**Exercise brief**
Look through the listing below for the line containing "20170705サンカフェ1". Copy it and each line after it up to and including the line containing "Geführte Hundewanderungen, Spaziergänge", exactly, leaving out pictures.

**Task material**

+ + + + +

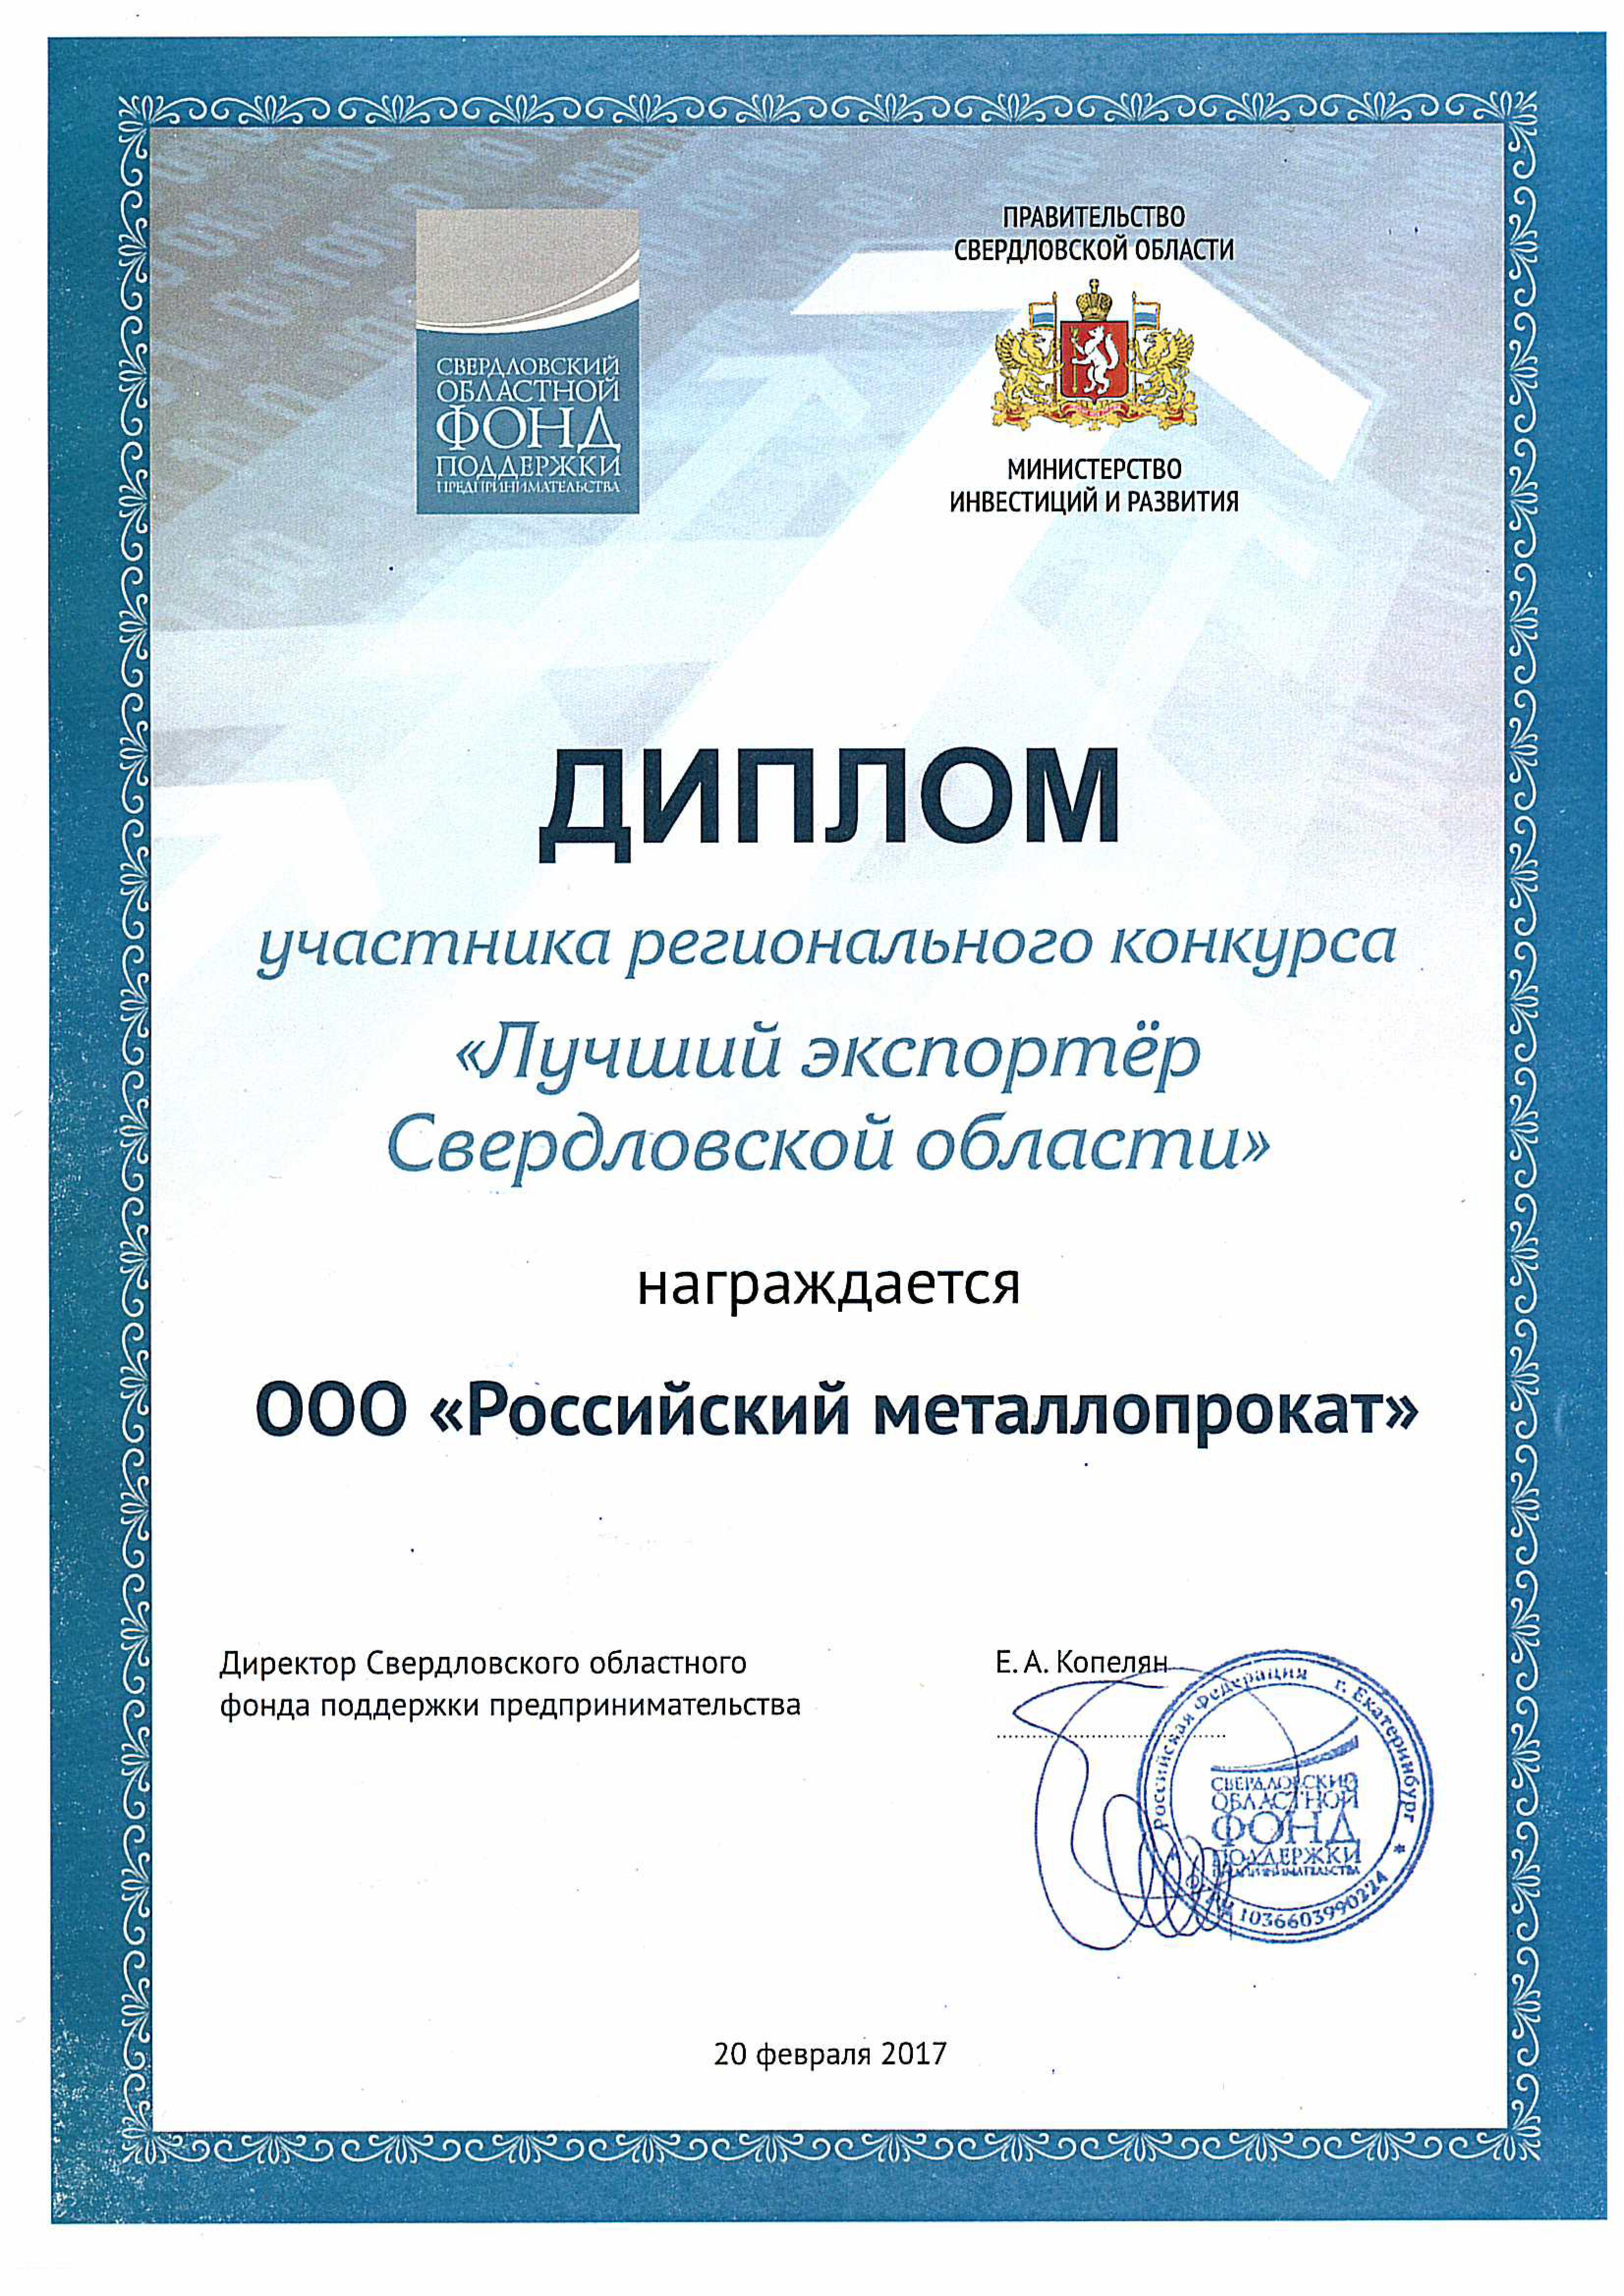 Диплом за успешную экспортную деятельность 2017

+ + + + +

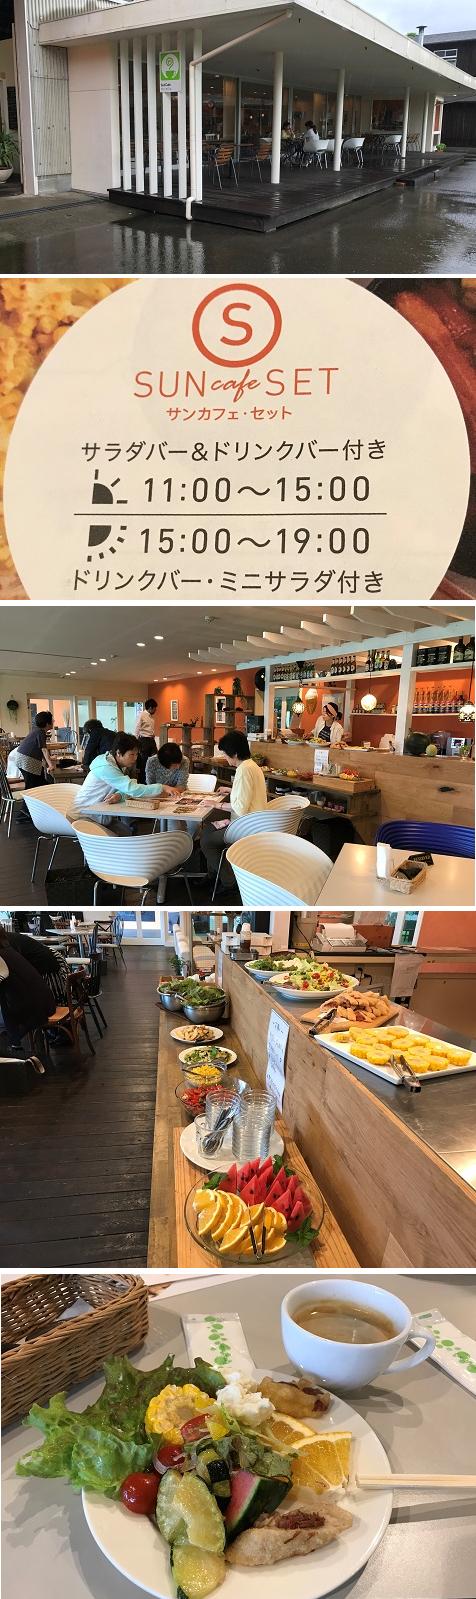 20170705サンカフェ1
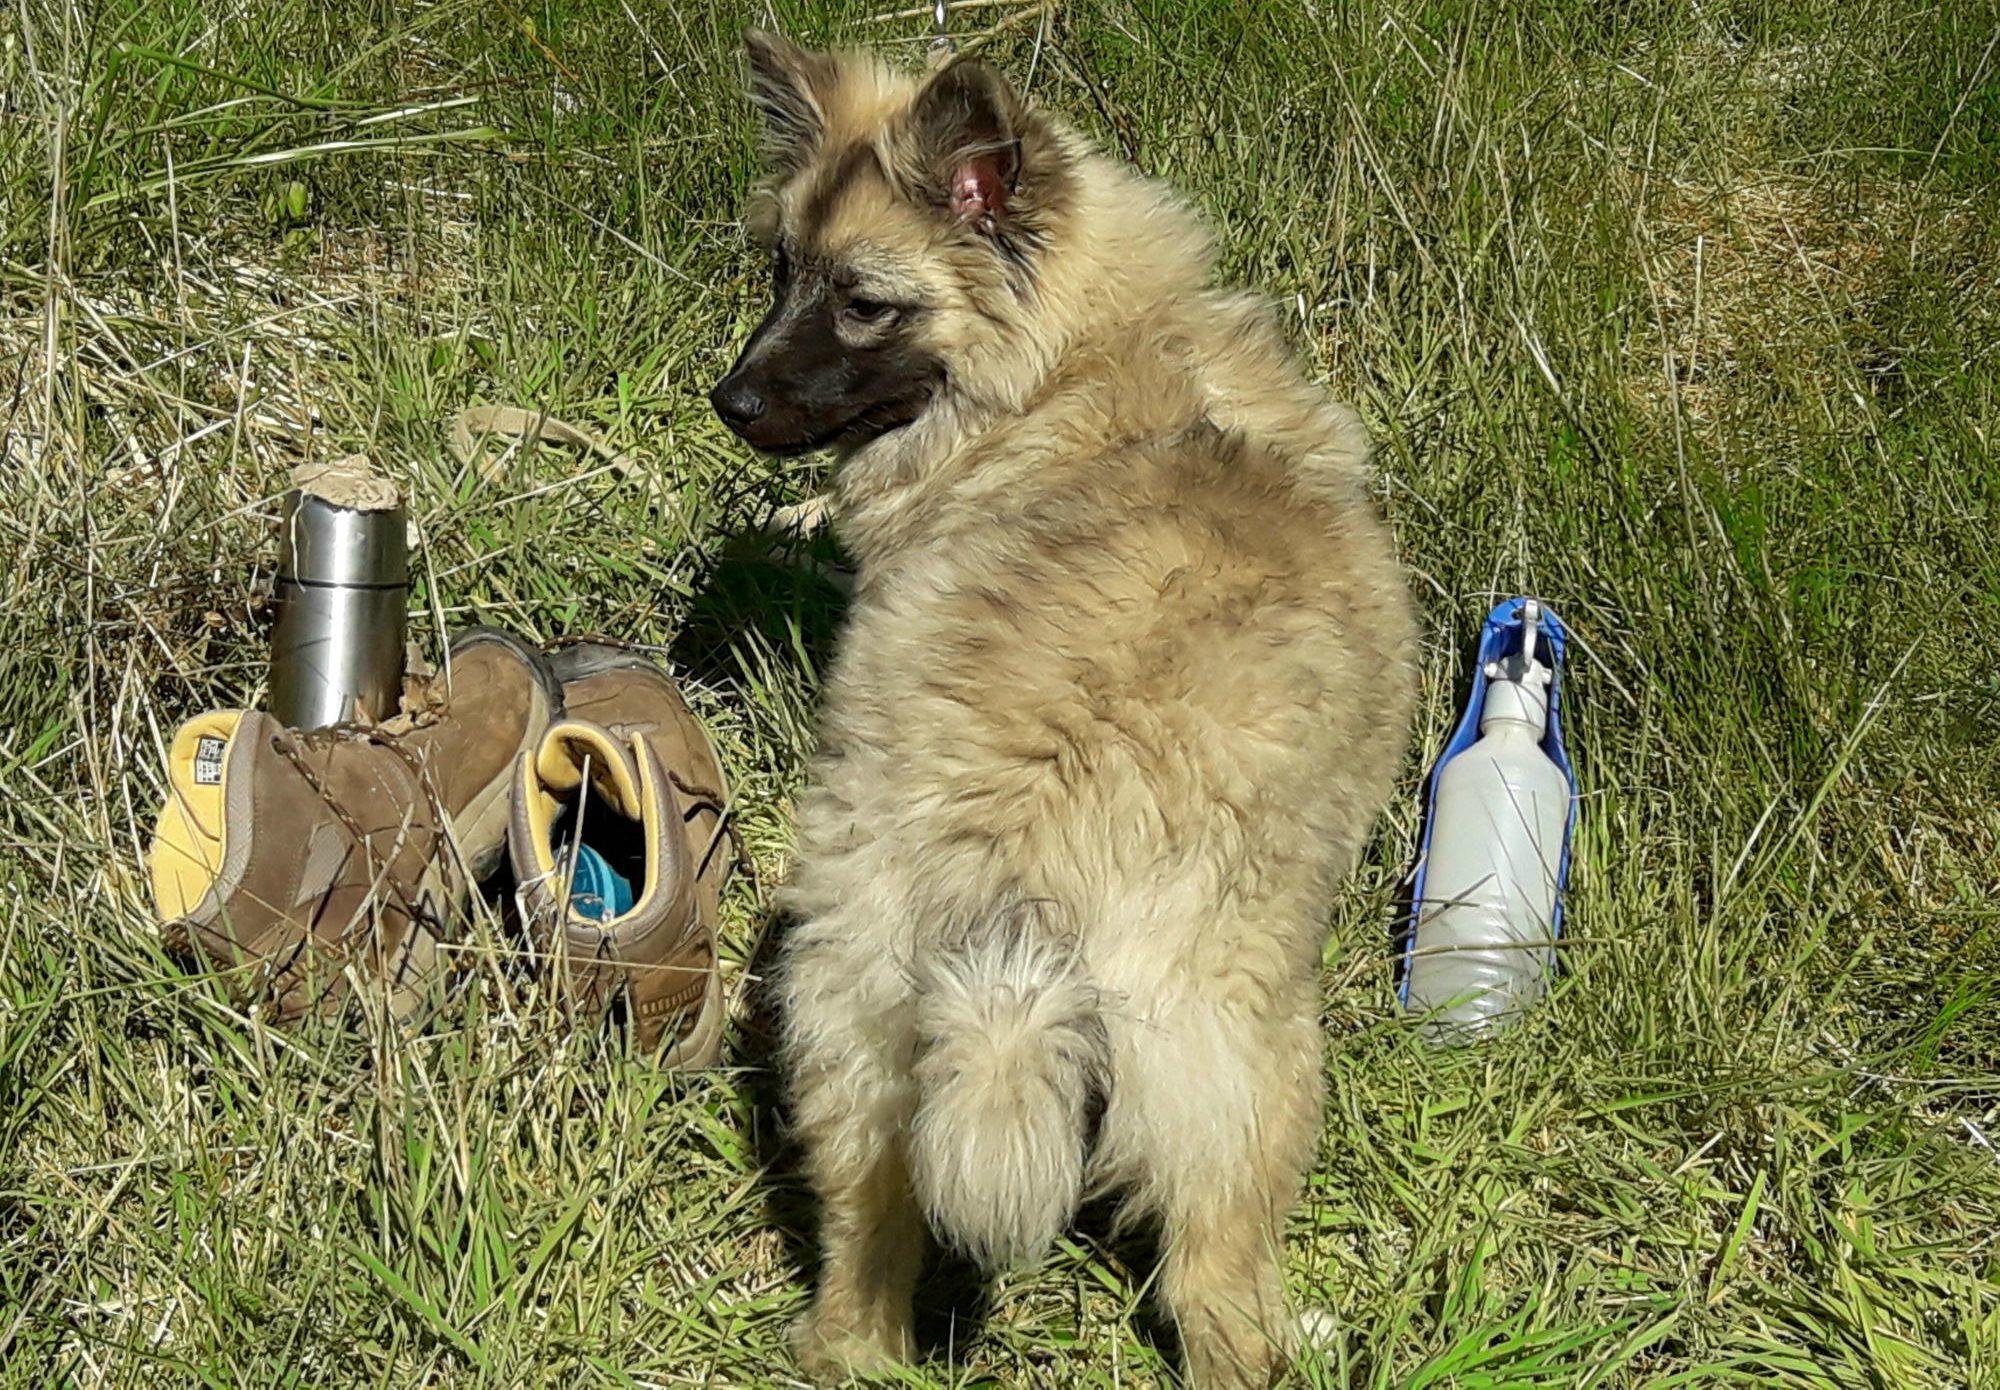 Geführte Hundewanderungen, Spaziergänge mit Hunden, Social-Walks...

+ + + + +

**Solution below**
 20170705サンカフェ1
 Geführte Hundewanderungen, Spaziergänge mit Hunden, Social-Walks...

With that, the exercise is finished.